On 14/04/2025 23:18, Philip Rowlands wrote:
$ ( dd if=/dev/zero count=100; dd if=/dev/urandom count=100; dd if=/dev/zero
count=100 ) > unsparse
$ cp --sparse=always unsparse sparse
$ ls -ls *
52 -rw-r--r--. 1 root root 153600 Apr 14 22:55 sparse
152 -rw-r--r--. 1 root root 153600 Apr 14 22:54 unsparse
Great, the file was sparse-ified. On tmpfs.

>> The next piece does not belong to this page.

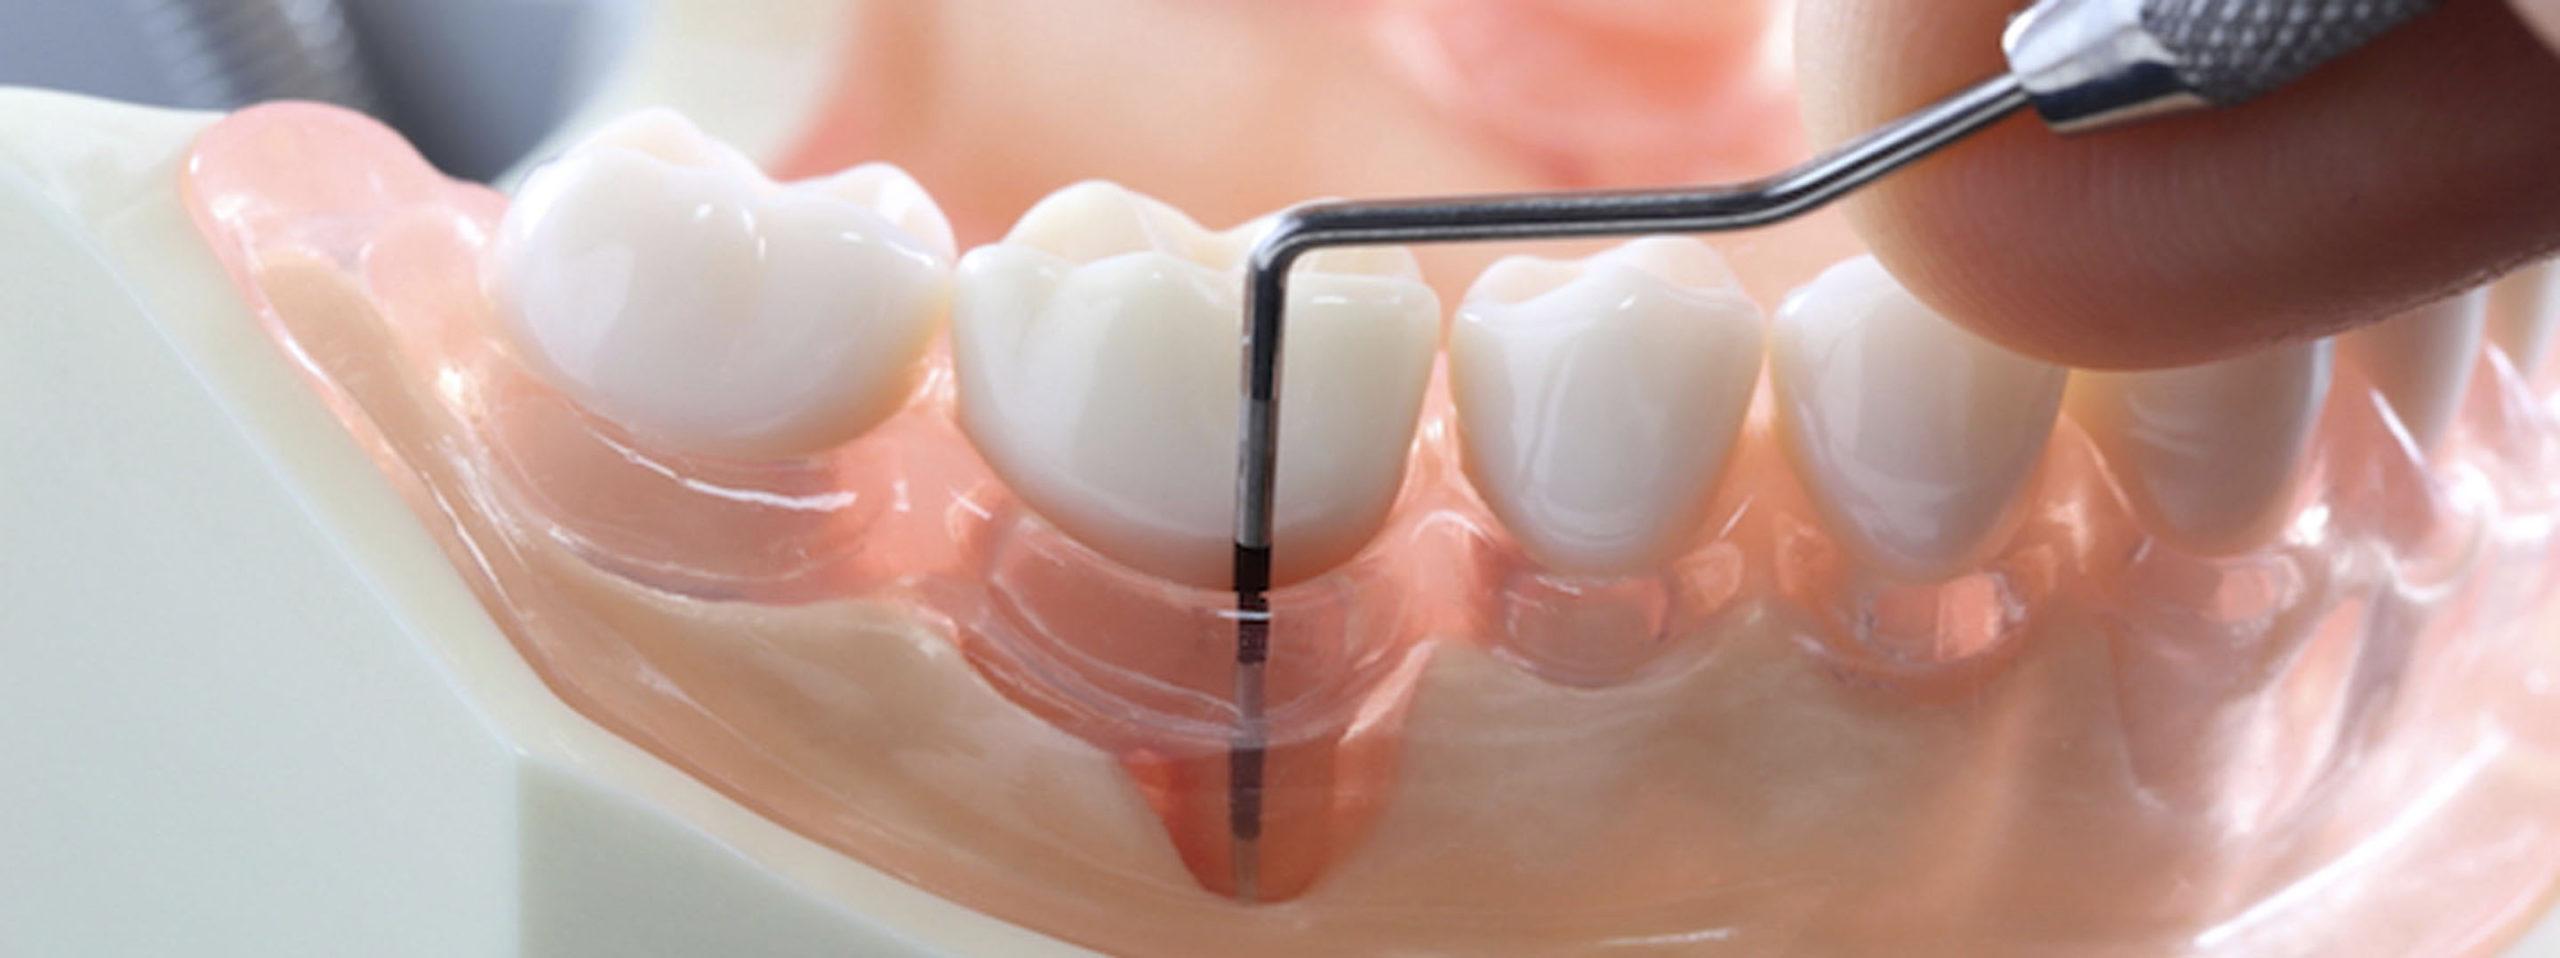 Zahnfleischtaschen

## now on XFS with reflink support
$ cp --debug --sparse=always unsparse sparse
'unsparse' -> 'sparse'
copy offload: unknown, reflink: yes, sparse detection: unknown
$ ls -ls *
152 -rw-r--r--. 1 root root 153600 Apr 14 22:58 sparse
152 -rw-r--r--. 1 root root 153600 Apr 14 22:54 unsparse
The implicit --reflink=auto has won out over the explicit --sparse=always, but
at some point prior to coreutils 7.5, --sparse=always would have worked.
NEWS for 9.4 included
'cp --sparse=never' will avoid copy-on-write (reflinking) and copy
offloading,
to ensure no holes present in the destination copy.
[bug introduced in coreutils-9.0]
but we lack the opposite. I couldn't spot the discussion, if any, around the
patch
https://lists.gnu.org/archive/html/coreutils/2023-08/msg00052.html
I'm using coreutils 9.5 on Fedora 41.
Right. Users would use --sparse in an attempt to be space efficient,
but in this case the reflink is more space efficient and so takes precedence.
This is documented in the info docs as:
For example, with the following alias, ‘cp’ will use the minimum amount of
space supported by the file system. (Older versions of
‘cp’ can also benefit from ‘--reflink=auto’ here.)
alias cp='cp --sparse=always'
If you really want to focus on the file rather than the file system,
you can `cp --reflink=never --sparse=always`.